The Kerala, India, -born physicist made seminal contributions in quantum mechanics and particle theory.

By Jose Plackatt

George Sudarshan

Renowned Indian American physicist George Sudarshan, 86, whose seminal contributions in quantum mechanics and particle theory earned him several Nobel Prize nominations, passed away in Austin, TX, in the early hours of Monday.

The internationally acclaimed physicist was a Professor Emeritus at the Department of Physics, at the University of Texas at Austin, from where he had retired in 2016.

Sudarshan, who had been a member of the faculty at the school since 1969, founded and directed its Center for Particle Theory. The center was instrumental in gaining international reputation for UT Austin, especially in physics.

He also taught at the Indian Institute of Science.

Among the India-born physicist’s noteworthy contributions were the V-A theory of weak interactions and the quantum theory of optical coherence.  Both were groundbreaking concepts in the field.

Sudarshan is also credited with predicting the existence of Tachyons, which are particles that travel faster than light.

Ennackal Chandy George Sudarshan was born in Pallam, in the district of Kottayam, Kerala, on September 16, 1931.

He studied at CMS College in his hometown of Kottayam, Madras Christian College and the University of Madras, from where he completed a master’s in 1952.

Sudarshan came to the United States to enroll at the University of Rochester, where he worked with renowned physician Robert Marshak.

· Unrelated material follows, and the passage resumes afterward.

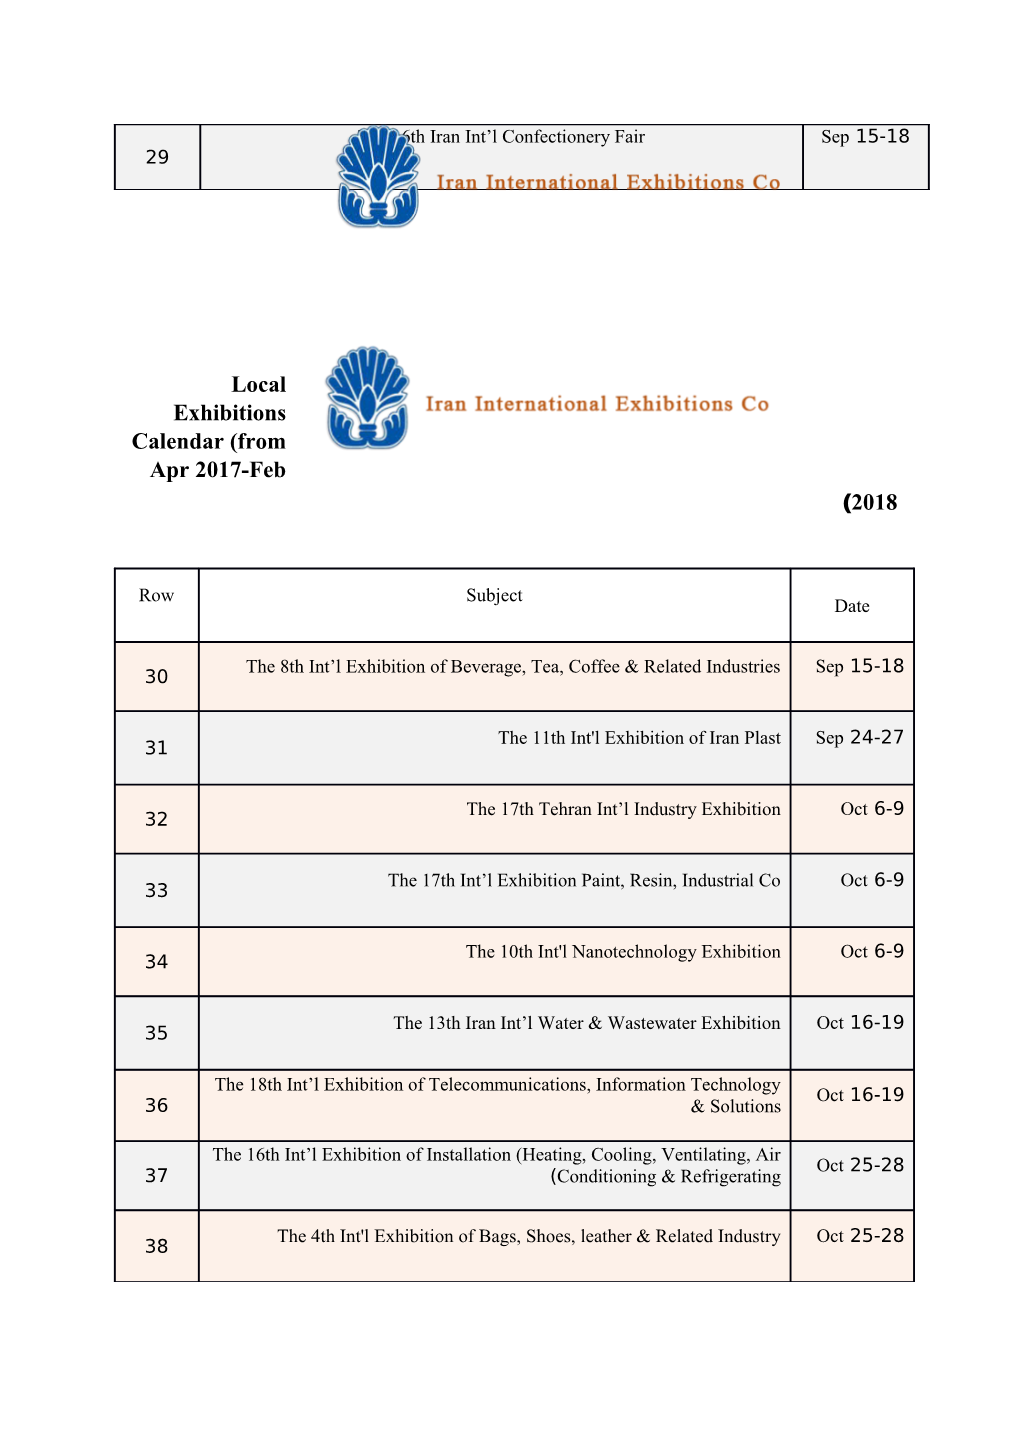 Local Exhibitions Calendar (From Apr 2017-Feb 2018)

He completed the doctoral degree in 1958.

He joined UT-Austin after earning a D.Sc. from University of Wisconsin, Milwaukee in 1969.

Among the dozens of accolades he won include the coveted Padma Bhushan in 1974, and a Padma Vibhusha, the second-highest civilian award given by the Government of India, in 2007.

He also won the UT-Austin Presidential Citation in 2005-2006 — the most prestigious award given by the school to its faculty.

Another major award he won was the Dirac Medal, which he won along with Nicola Cabibbo, for describing fundamental forces of nature.

Sudarshan was married to Lalita, whom he met while in school and married in 1954.